Étant donné que les demandeurs d’asile sont exposés à un risque en raison de leur profil de gens d’affaires, et que ce risque est le même que celui auquel sont exposés les autres citoyens du pays, le tribunal conclut que les demandeurs d’asile n’ont pas qualité de réfugié au sens de la Convention ni celle de personne à protéger.

 

 

 

Norme de contrôle

 

[16]           Les parties conviennent que la norme de contrôle applicable en l’espèce est celle de la décision raisonnable.

 

[17]           Les deux parties se fondent sur la décision Acosta c Canada (Ministre de la Citoyenneté et de l’Immigration), 2009 CF 213, dans laquelle il a été statué que l’interprétation de l’exclusion des risques généralisés de violence à l’alinéa 97(1)b) de la Loi est une question qui relève de l’application du droit aux faits particuliers d’un dossier : elle est donc susceptible de contrôle selon la norme de la décision raisonnable. Cette position est adoptée dans des décisions récentes (Hernandez c Canada (Ministre de la Citoyenneté et de l’Immigration), 2013 CF 107; Malvaez c Canada (Ministre de la Citoyenneté et de l’Immigration), 2012 CF 1476).

 

[18]           En contrôlant la décision de la Commission selon la norme de la décision raisonnable, la Cour doit tenir compte de « la justification de la décision, [de] la transparence et [de] l’intelligibilité du processus décisionnel » et n’intervenir que si la décision n’appartient pas « aux issues possibles acceptables pouvant se justifier au regard des faits et du droit » (Dunsmuir c Nouveau‑Brunswick, [2008] 1 RCS 190, au paragraphe 47, et Canada (Citoyenneté et Immigration) c Khosa, [2009] 1 RCS 339, au paragraphe 59).

 

Analyse

[19]           La Cour a conclu que la décision de la Commission ne respectait pas la norme de la décision raisonnable, principalement pour les motifs exposés clairement par la juge Gleason dans la décision Portillo c Canada (Ministre de la Citoyenneté et de l’Immigration), 2012 CF 678, 409 FTR 290 [Portillo].

 

[20]           Selon mon interprétation de la décision de la Commission, celle‑ci considère qu’un risque particulier devient un risque généralisé au motif que d’autres pourraient y être exposés.

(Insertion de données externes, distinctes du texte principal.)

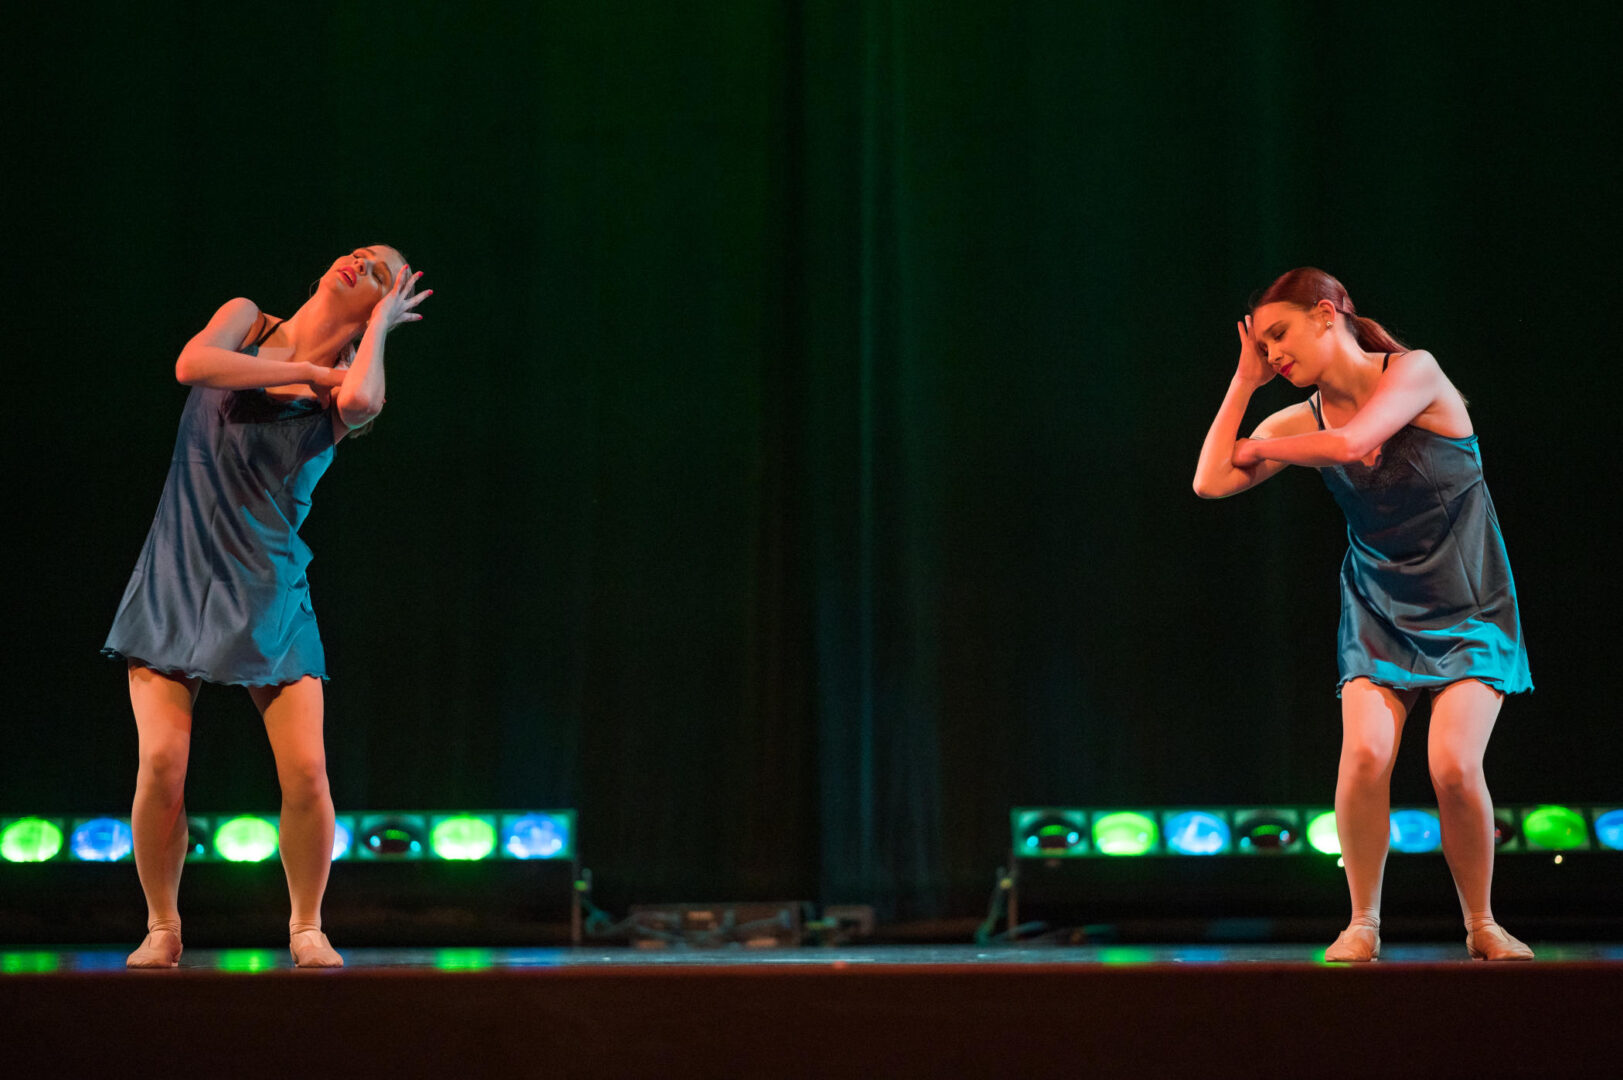 Two female students perform an artistic dance on a stage.

La possibilité que d’autres personnes soient exposées à ce risque particulier ne modifie en rien la nature du risque qui pèse sur les demandeurs.

 

[21]           Un raisonnement semblable est formulé dans la décision Portillo : « La Commission a par conséquent conclu que le risque auquel le demandeur était exposé était un risque généralisé parce que “[l]es crimes auxquels le demandeur d’asile est exposé sont largement répandus au Salvador” (décision, au paragraphe 34) ». La juge Gleason a ensuite affirmé ce qui suit au paragraphe 36 :

[…] Les deux affirmations que la Commission fait sont tout simplement incompatibles : si une personne est exposée à une menace personnelle à sa vie ou au risque de subir des peines ou traitements cruels et inusités, ce risque n’est plus un risque général.

 

Je suis d’accord.

 

[22]           J’estime que la bonne approche est celle décrite par le juge Rennie dans la décision Lovato c Canada (Ministre de la Citoyenneté et de l’Immigration), 2012 CF 143 :

[14]     […] l’article 97 ne doit pas être interprété d’une manière qui le vide de son sens. Si un risque créé par une « activité criminelle » est toujours considéré comme un risque général, il est difficile de voir comment les exigences prévues à l’article 97 pourraient être satisfaites. Au lieu de mettre l’accent sur la question de savoir si le risque est créé par une activité criminelle, la Commission doit concentrer son attention sur la question dont elle est saisie : le demandeur serait‑il exposé à une menace à sa vie ou au risque de subir des traitements et peines cruels et inusités à laquelle ou auquel les autres personnes qui vivent dans le pays ou qui sont originaires du pays ne sont pas exposées?

 

 

 

[23]           Le refus de retourner dans un pays donné en raison de la violence qui y sévit va à l’encontre de l’objet de l’article 97 de la Loi qui est d’offrir une protection aux personnes qui sont réellement exposées à un risque. De même, l’allégation selon laquelle une personne risque d’être victime d’extorsion n’est pas admissible en raison de son caractère général. En revanche, le fait que d’autres personnes pourraient être personnellement exposées à un risque semblable ne modifie pas la nature du risque. Comme le juge O’Reilly l’a conclu dans Gomez c Canada (Ministre de la Citoyenneté et de l’Immigration), 2011 CF 1093, 397 FTR 170 :

[38]     […] Les demandeurs avaient d’abord reçu des menaces, qui sont répandues et fréquentes en El Salvador. Cependant, les événements ultérieurs ont montré que les demandeurs avaient été spécifiquement ciblés après avoir défié le gang. Le gang menaçait d’enlever l’épouse et la fille de M. Tobias Gomez et il semblait résolu à percevoir la « dette » de 40 000 $ des demandeurs. Le risque couru par les demandeurs allait dès lors au-delà des menaces et agressions de nature générale. Le gang les a ciblés personnellement.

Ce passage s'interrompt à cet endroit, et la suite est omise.